### Task to complete
Using the listing below, give again exactly the lines from the line with "Namilia 1-800-U-Wish Red Racing Bodysuit" to the line with "Gusha no Ishi 195", inclusive, without the pictures.

### Data provided

○ ○ ○ ○

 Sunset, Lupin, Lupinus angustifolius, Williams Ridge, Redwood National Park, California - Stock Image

○ ○ ○ ○

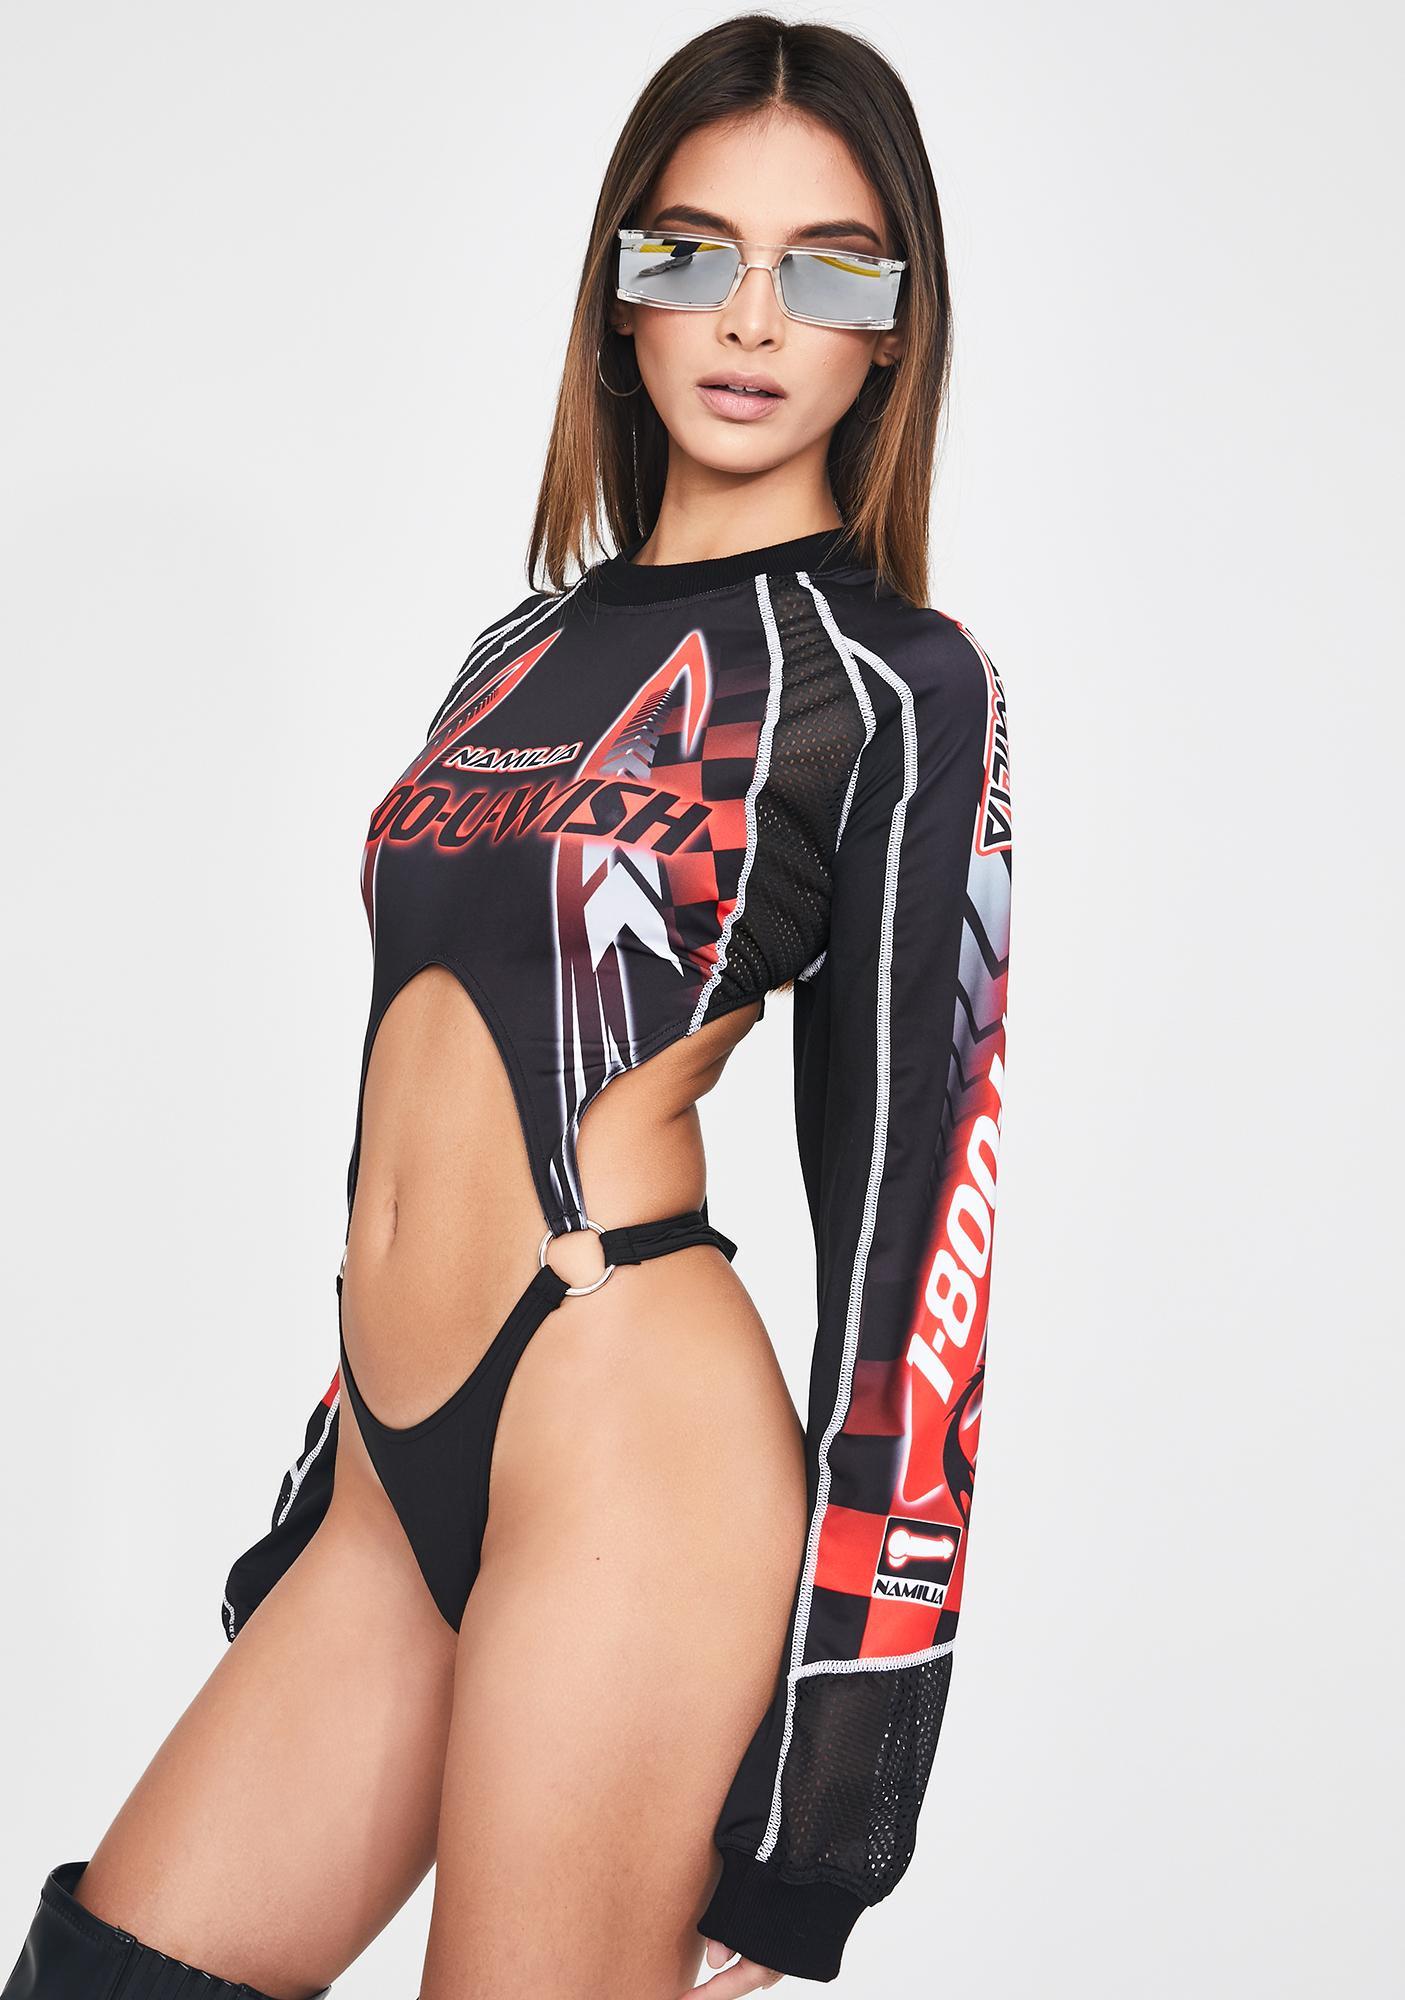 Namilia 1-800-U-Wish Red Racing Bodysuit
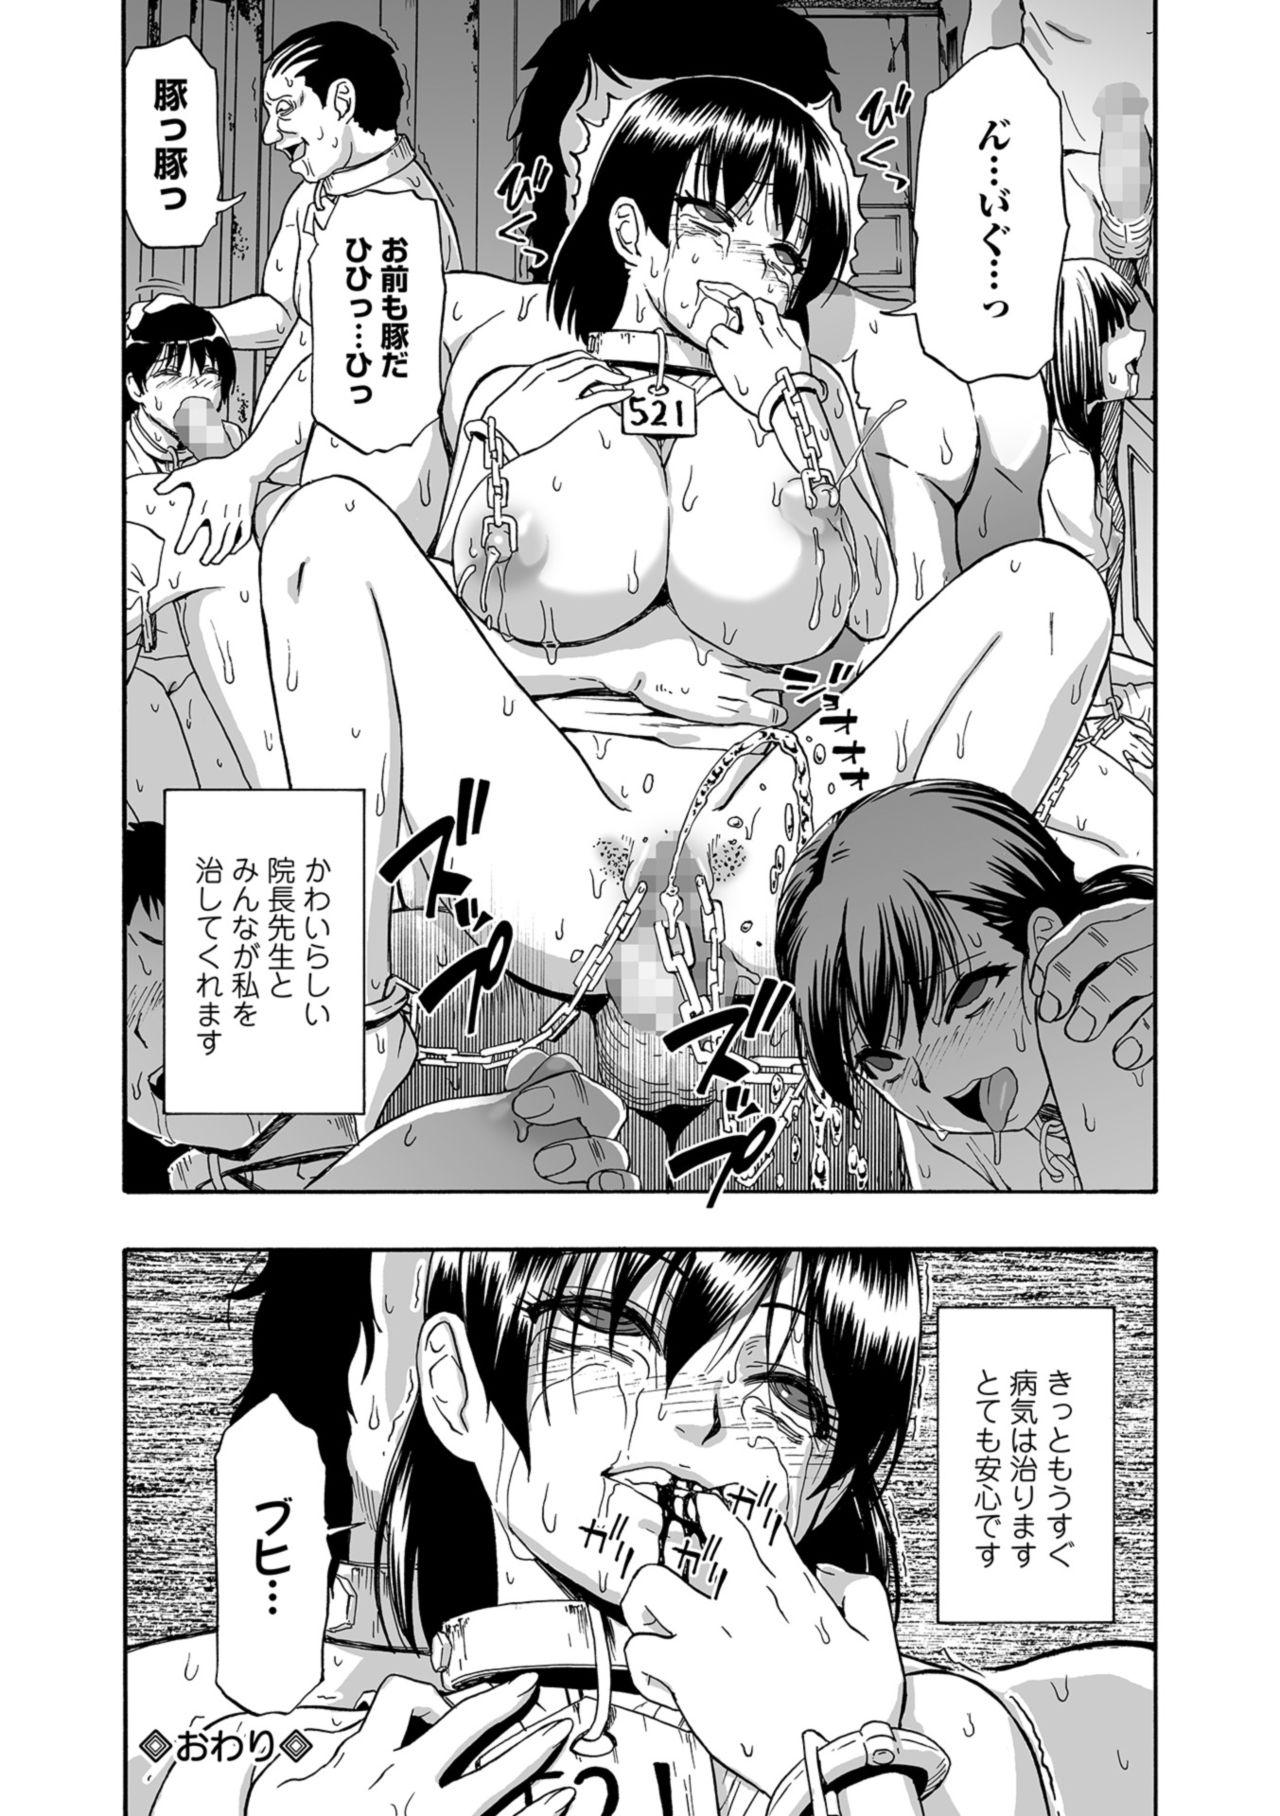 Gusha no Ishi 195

○ ○ ○ ○

### Solution to this task
 Namilia 1-800-U-Wish Red Racing Bodysuit
 Gusha no Ishi 195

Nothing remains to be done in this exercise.